***** Supplied data

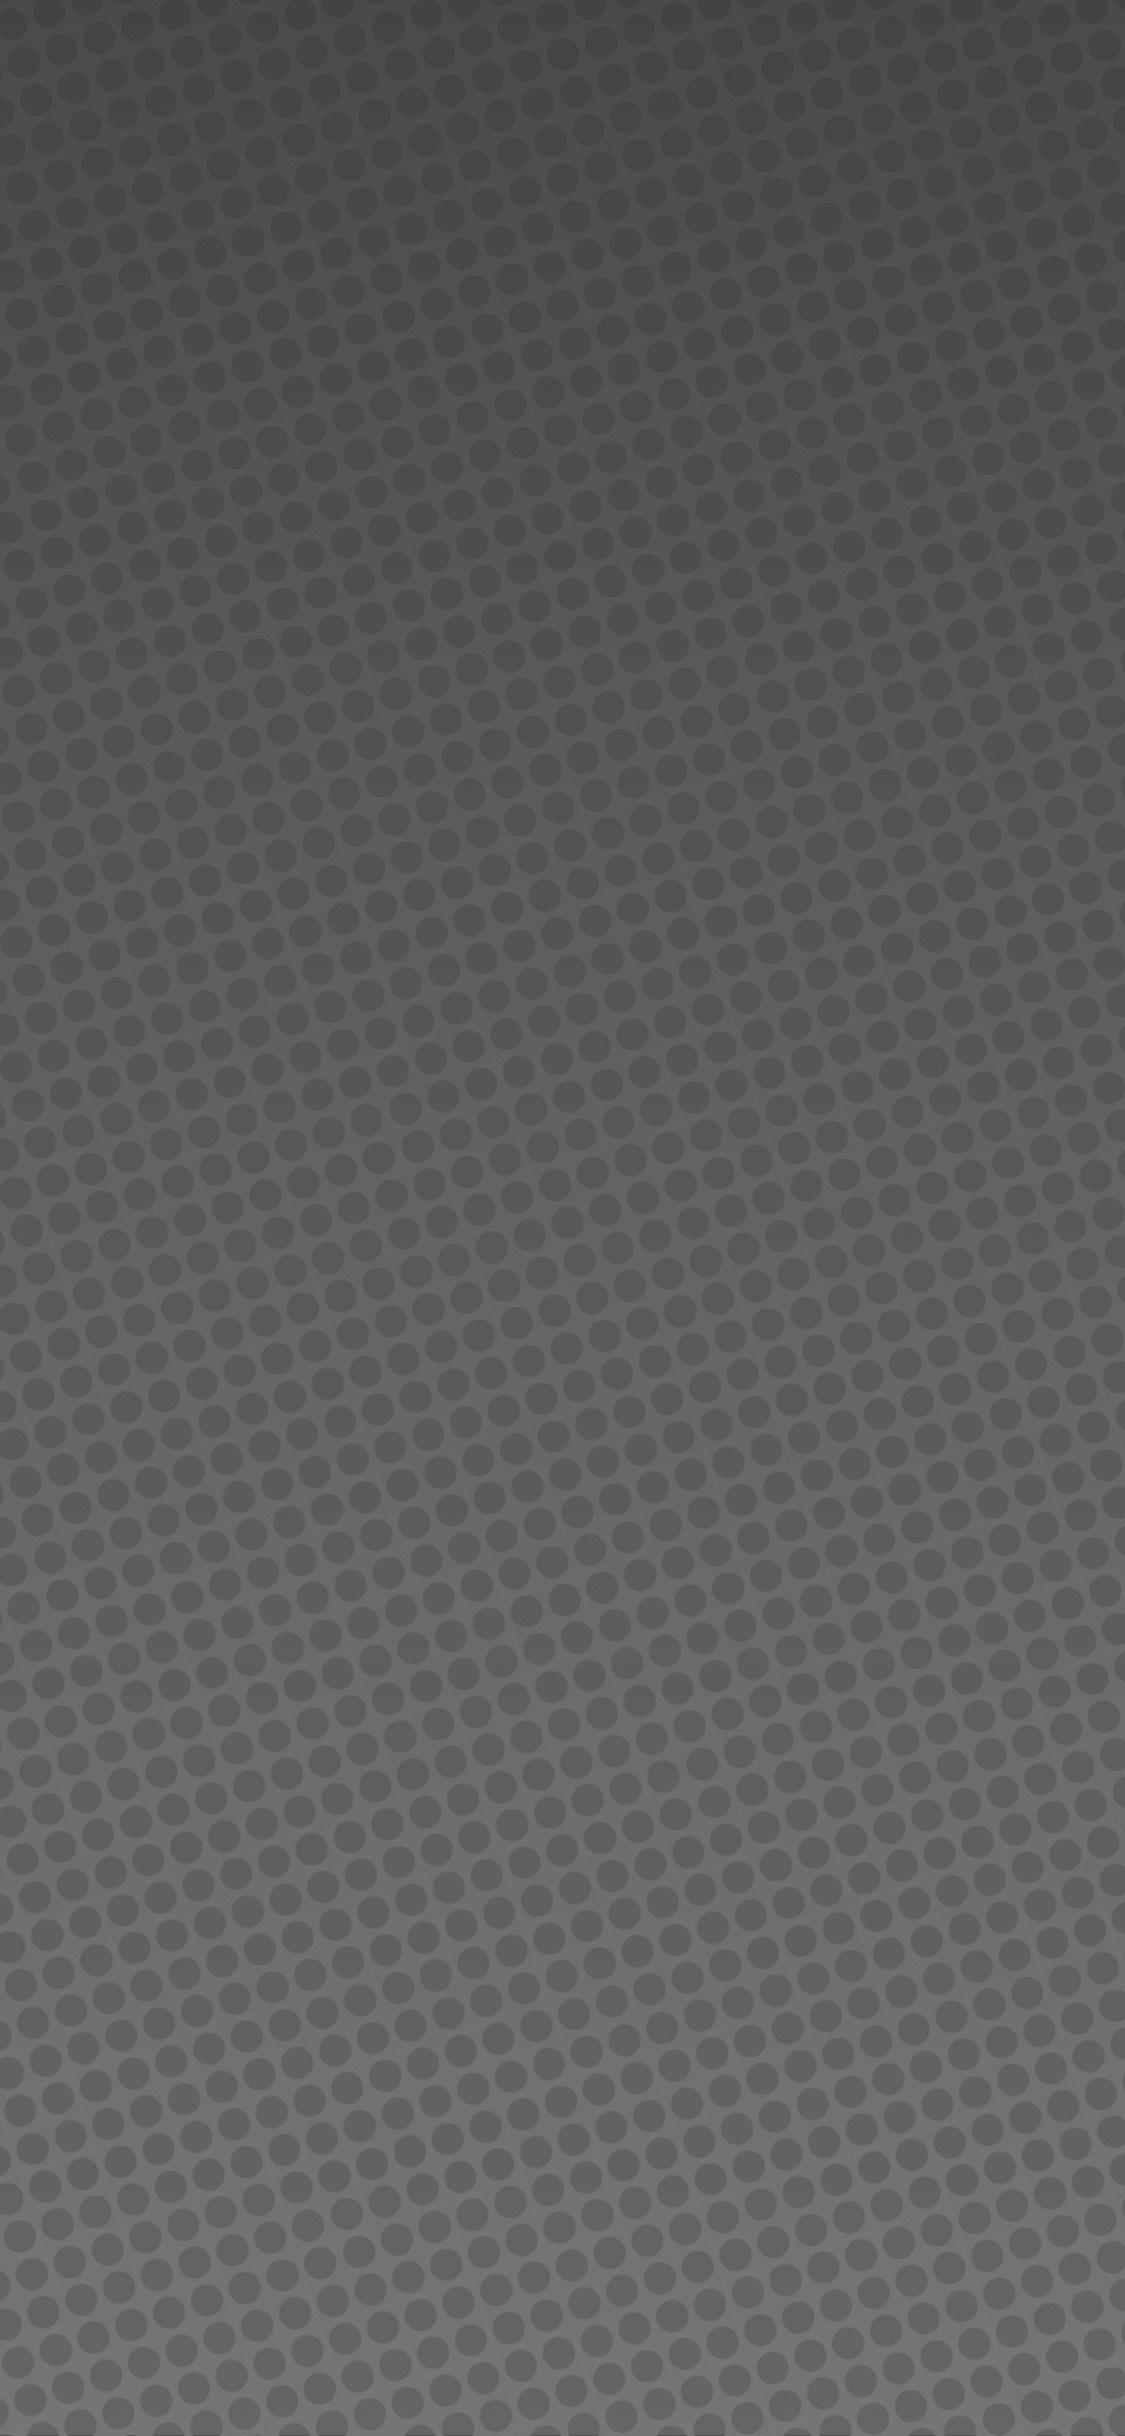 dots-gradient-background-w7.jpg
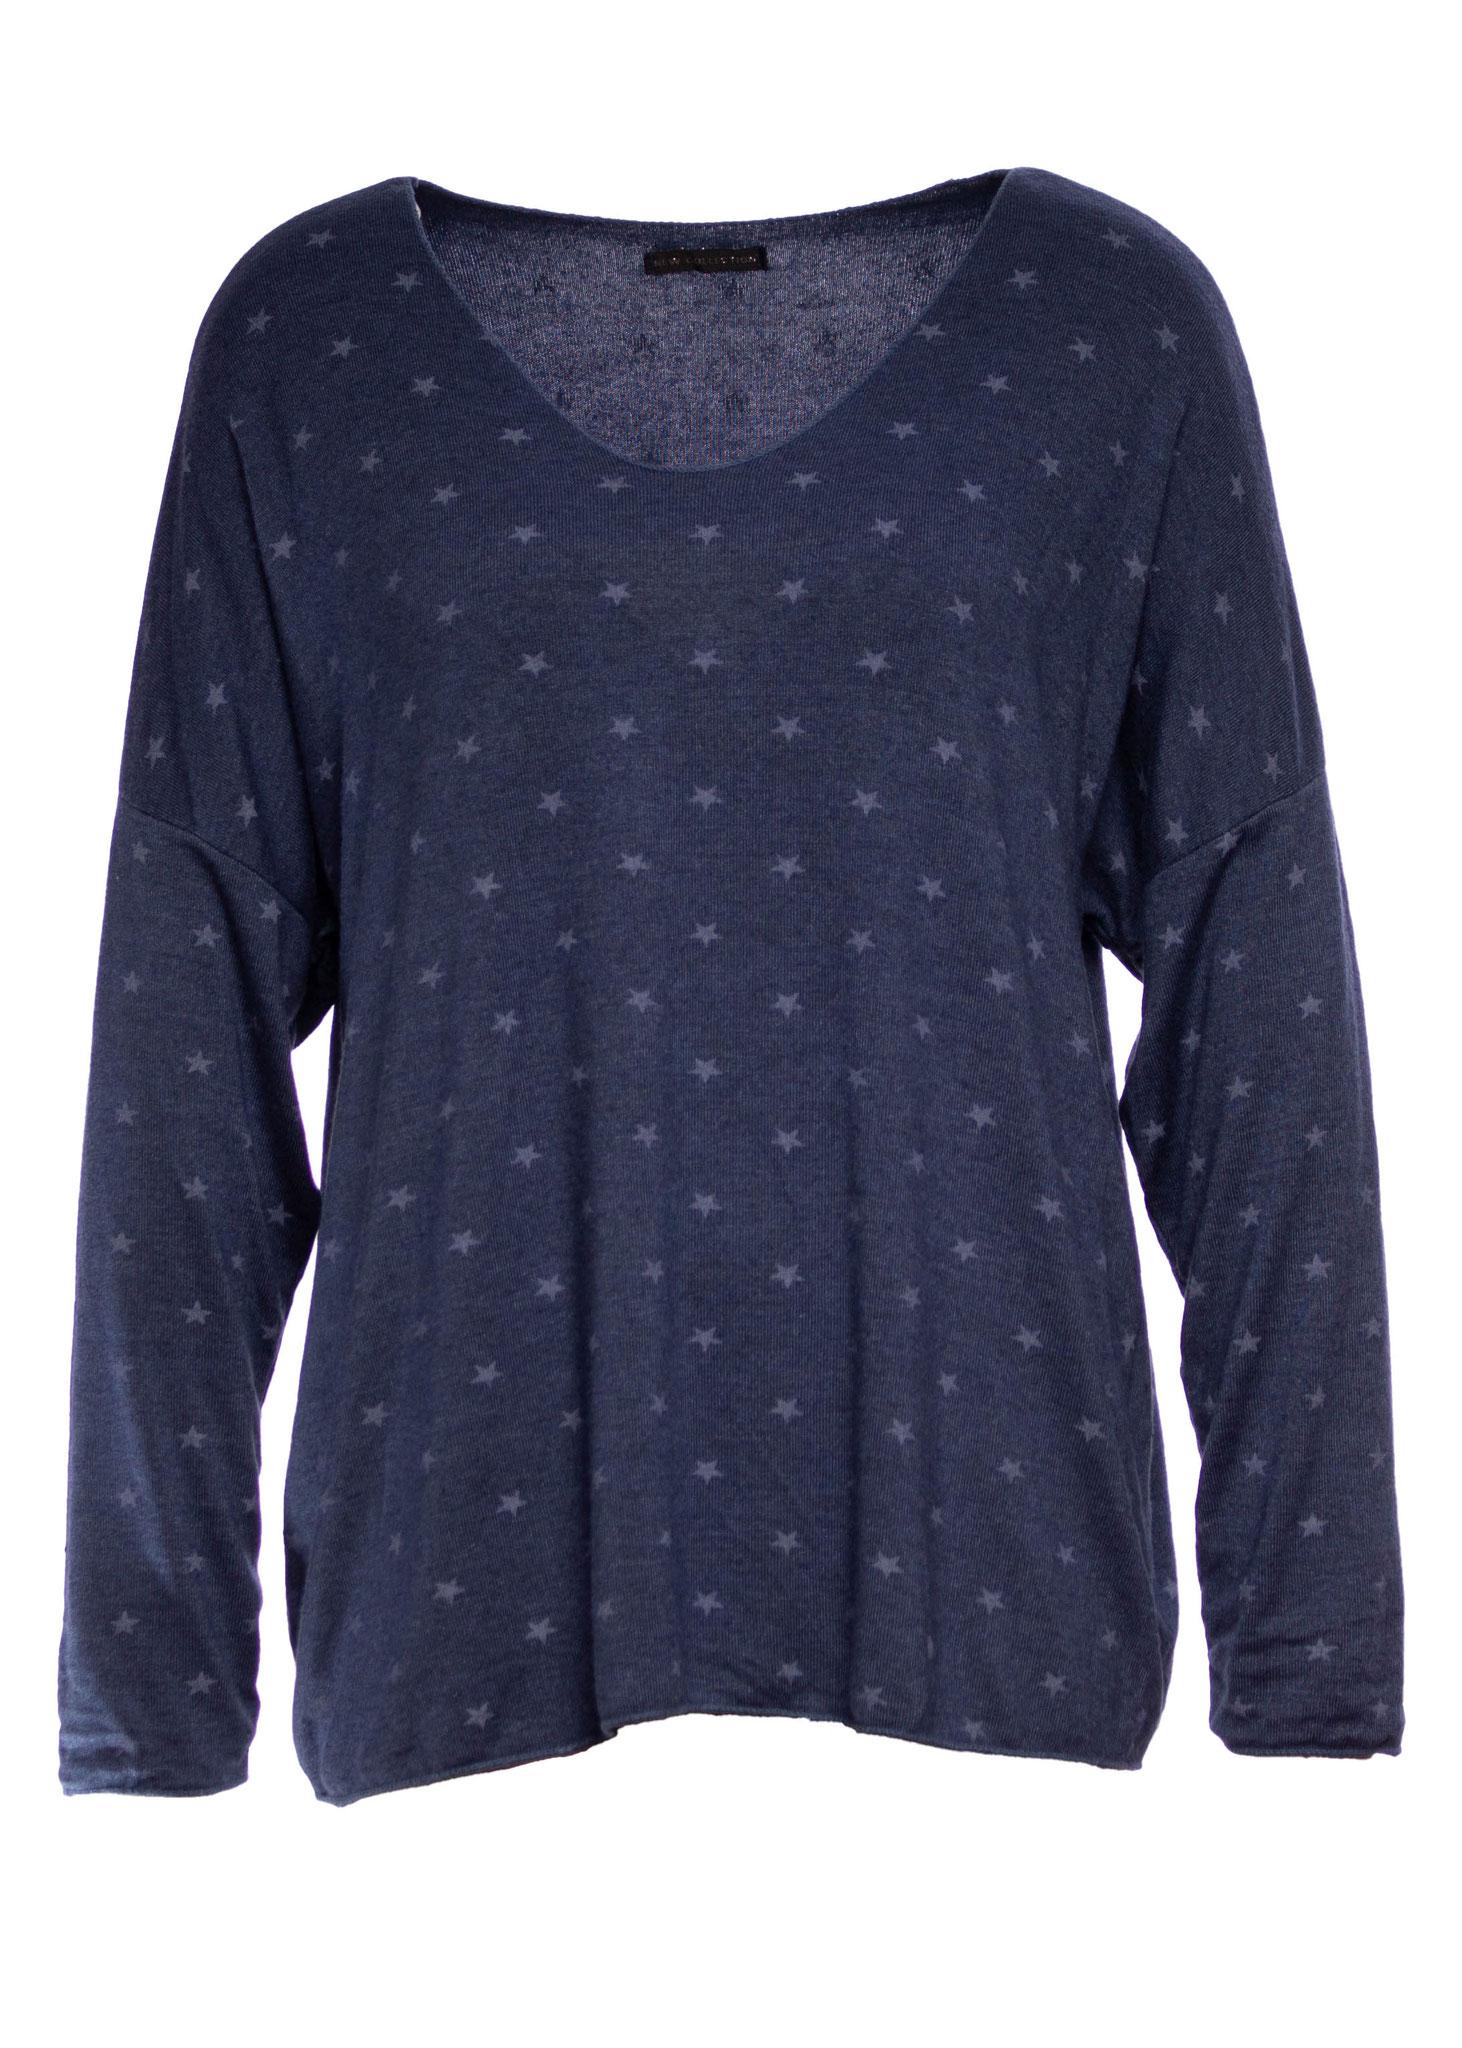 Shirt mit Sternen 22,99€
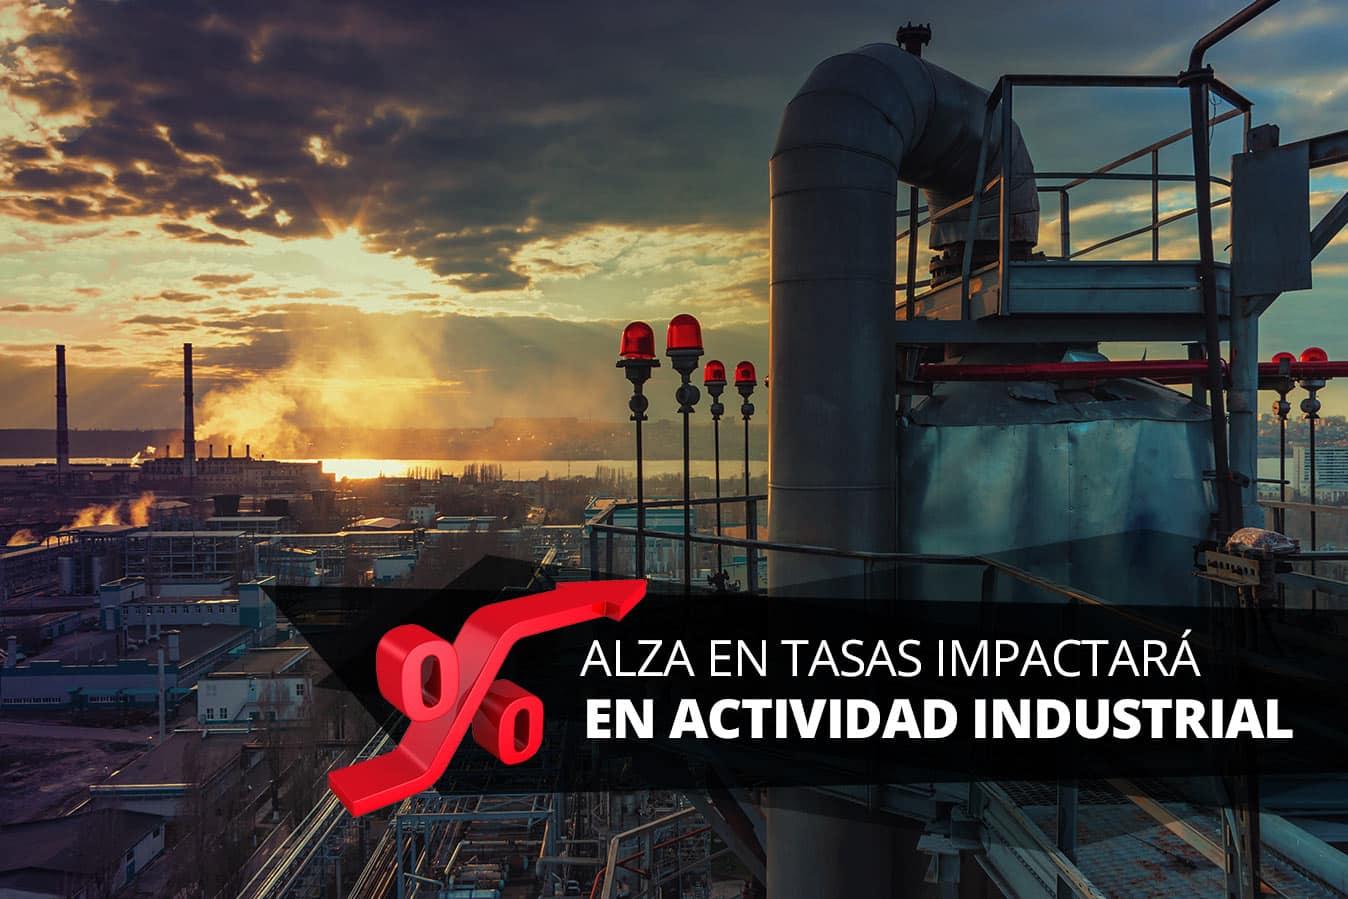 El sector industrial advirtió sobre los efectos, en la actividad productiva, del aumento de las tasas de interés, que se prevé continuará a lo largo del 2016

**********

__Work instructions__:
Please print exactly the lines from the one holding "Shirt mit Sternen 22,99€" through the final line of the data above, including both, and skip all pictures.

__Solution__:
 Shirt mit Sternen 22,99€
 El sector industrial advirtió sobre los efectos, en la actividad productiva, del aumento de las tasas de interés, que se prevé continuará a lo largo del 2016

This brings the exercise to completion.